I had my implant activated four weeks after surgery. Those four weeks were hard because I was so anxious about if the implant would work. The side that was implanted felt very plugged up and hearing people during that time was even more of a struggle than usual. I asked the ENT about this and she said it was from fluid during surgery and it would go away within a few weeks.

The good news was I actually did keep some residual hearing in my right ear (sometimes you lose all residual hearing after implantation). My husband reminded me to hold strong to my faith and that no matter what the outcome God was in control and we would get through it. For me, having a strong support system with my husband and my mom has been crucial.

My mom went with me on my activation day. The audiologist told me all about the processor and showed me how to put it on. She told me to count the number of beeps I heard when she played a series of beeps. At first, I did not hear any beeps. I was so nervous and was on the verge of getting very emotional. Then, I started to hear them. We went through this several times where I counted the number of beeps and then we did something where she played a beep and I had to tell her if it was very soft, just right, or very loud. This process is called “mapping.” MAPs are programs that help to optimize the CI user’s access to sound by adjusting the input to the electrodes on the array that is implanted into the cochlea. After we finished, she said some words, and I had to repeat back what she said. I got them all right! On the drive to our home, I could hear EVERY word that my mom said. This would have never have happened before as the noise of the car always made it hard for me to have a conversation. At first, voices sounded a little strange, like Mickey Mouse but I had expected this and knew that it would get better.

How often do you have to return for programming tune-ups?

The first time I went back was two weeks after activation. Then a month after that. At this point, I will go every three months.

How would you rate your ability to understand speech or hear music now? Has there been an improvement over time?

I have been blown away by the improvement and all of the things I can hear now!

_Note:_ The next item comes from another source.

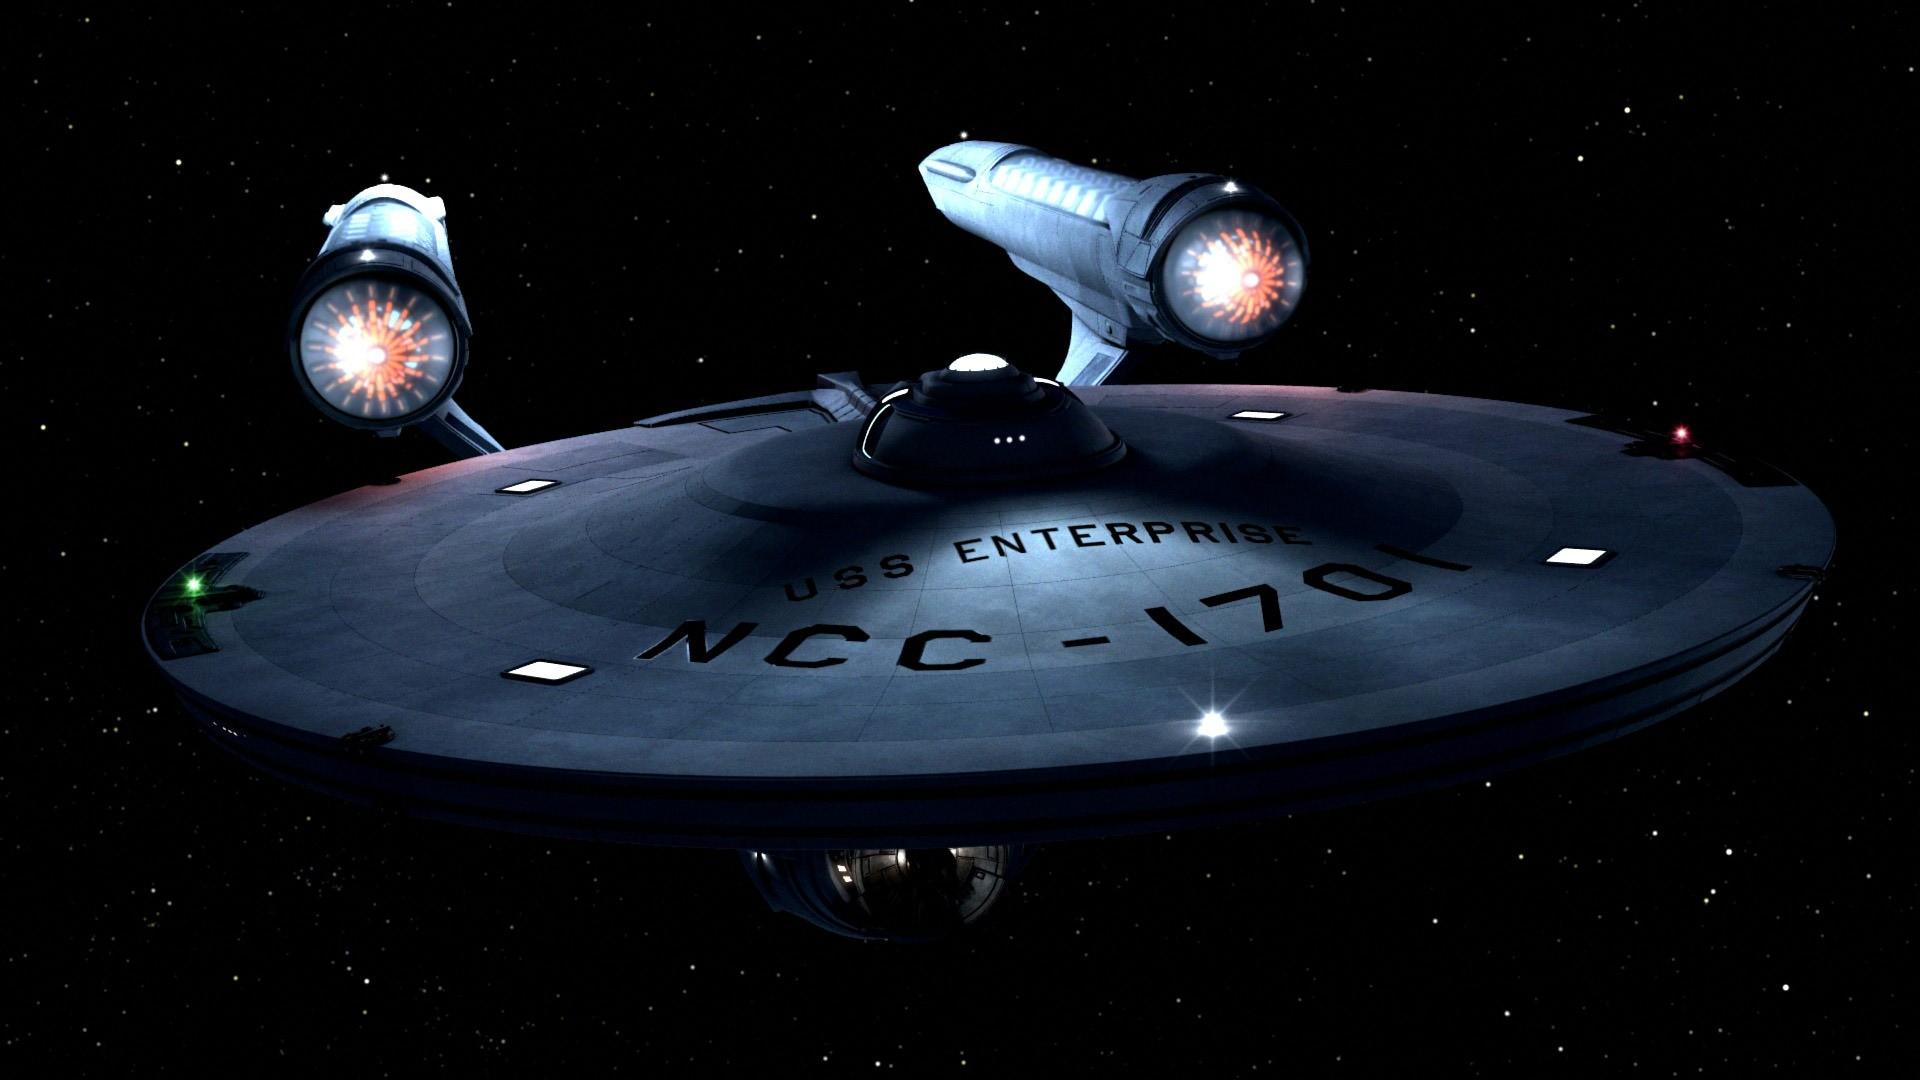 Star Trek Daily Pic – Daily Pic # 1691, TOS Enterprise

Some examples that have been huge for me are hearing the doctor at my children’s appointments even when she is wearing a mask, hearing crickets, hearing birds chirp, understanding what my kids are saying from the back seat, being able to understand people on the phone again, having conversations with my husband when we are driving down the road, understanding every word the pastor says in his sermon, going out to eat and hearing my friends even with all of the background noise, watching TV without the captions, being able to understand my favorite podcasts in the car again, and more.

Hearing loss can be so isolating. I had found myself withdrawing from social situations, dreading family get-togethers, and browsing Facebook instead of engaging in conversation with my kids and my husband. I was considering resigning from my job as a teacher because it was just too difficult to hear the students and my colleagues. Having a cochlear implant has truly been a miracle for me.

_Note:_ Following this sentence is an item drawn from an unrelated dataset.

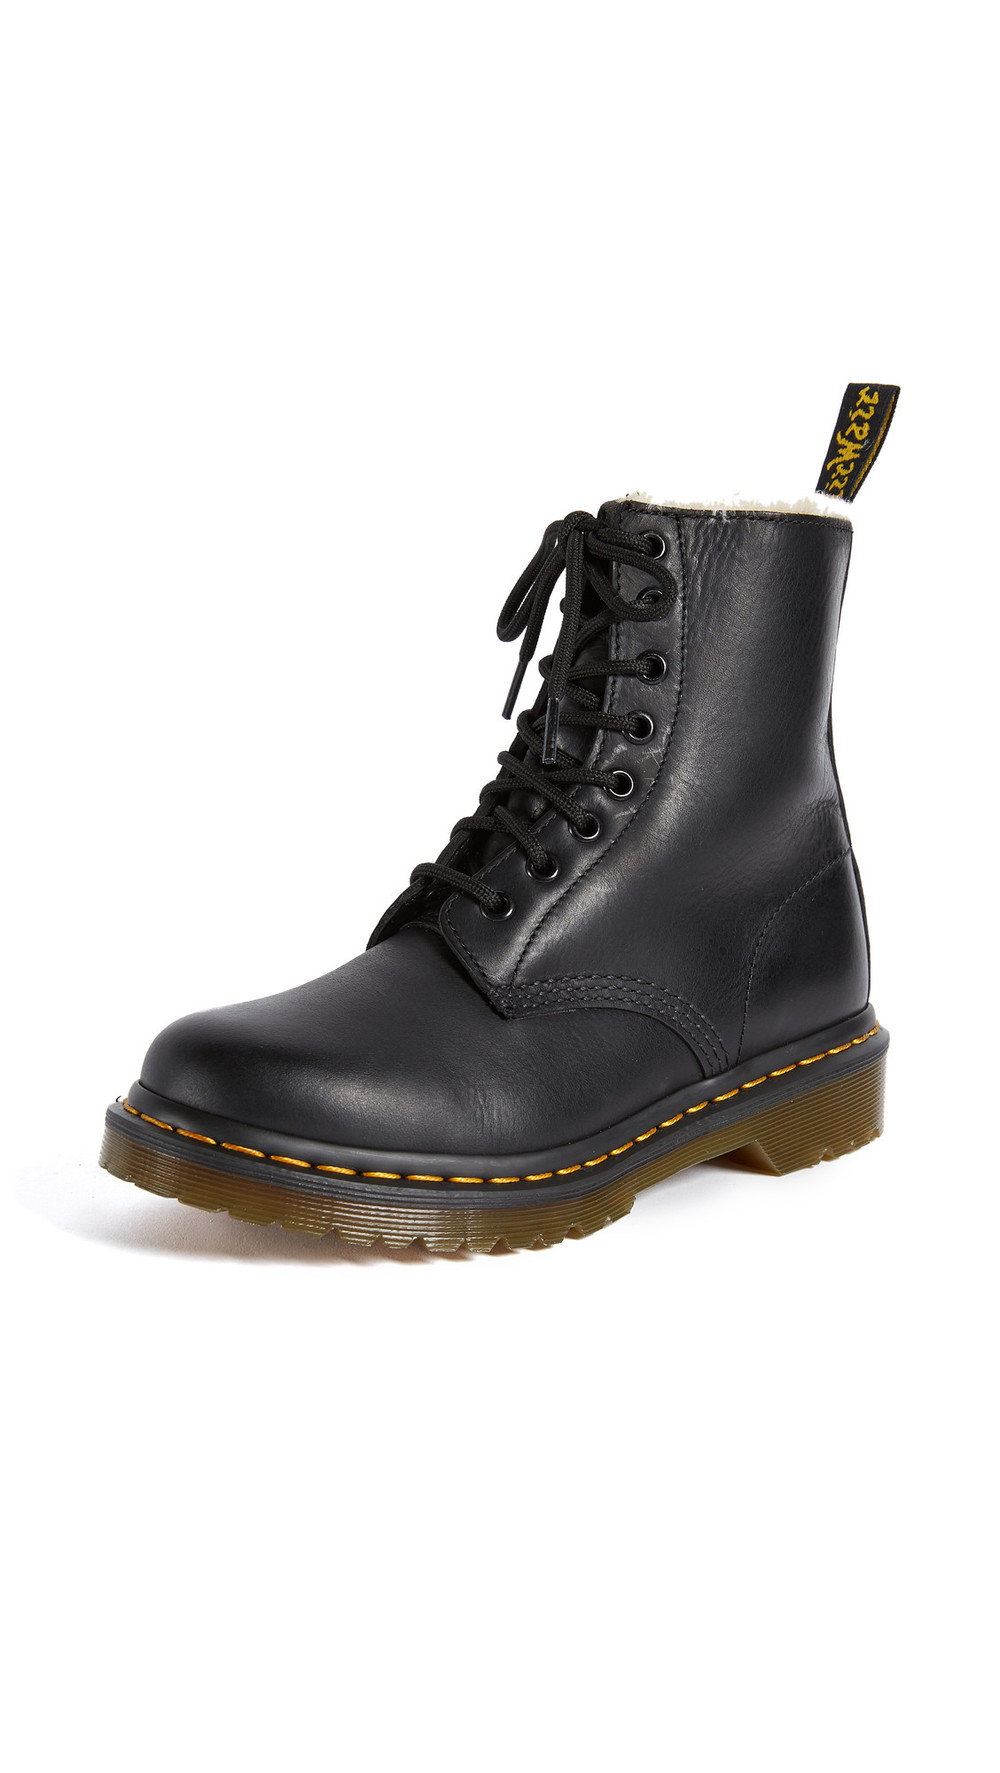 Dr. Martens 1460 Serena 8 Eye Sherpa Boots in black

Unfortunately, we know cochlear implantation may not be successful in every case of superficial siderosis. So what advice can you give someone thinking about a CI as an option?

I would say go for it! I know it is scary knowing that it may not be successful but my hearing was so bad in my right ear that I could not hear regular conversations at times. If the CI had not been successful, that would have been so hard, but at least I would have known that I tried. I did not have much residual hearing left in my right ear but my doctor knew that I was anxious about it being successful so she put me on heavy steroids before and after surgery and gave me steroids through an IV during surgery. The steroids helped to preserve any residual hearing that I did have.

So, if the CI had not worked I would still be in the same place that I was with my hearing before the surgery. I would also say talk to your audiologist and ENT about Superficial Siderosis. My ENT and audiologist did a lot of research to learn more about SS and they were both aware that the CI may not be successful. Also, join a cochlear implant group on Facebook. I joined one when I was trying to decide about the surgery and it was a huge blessing for me! I connected with other teachers and moms in the group who have a CI and they answered many of my questions. I read through posts with people’s experiences and I was able to share my own experience with the group.

Finally, I would say get a good support system. My friends and family rallied around me and lifted me up in prayer constantly. They were prepared to stick by me whether the CI worked or not. My husband and my mom even learned “Cued speech” with me. I know that having that support and trusting in God’s plan is what ultimately helped me to make the decision to move forward with a CI and I am so glad I did!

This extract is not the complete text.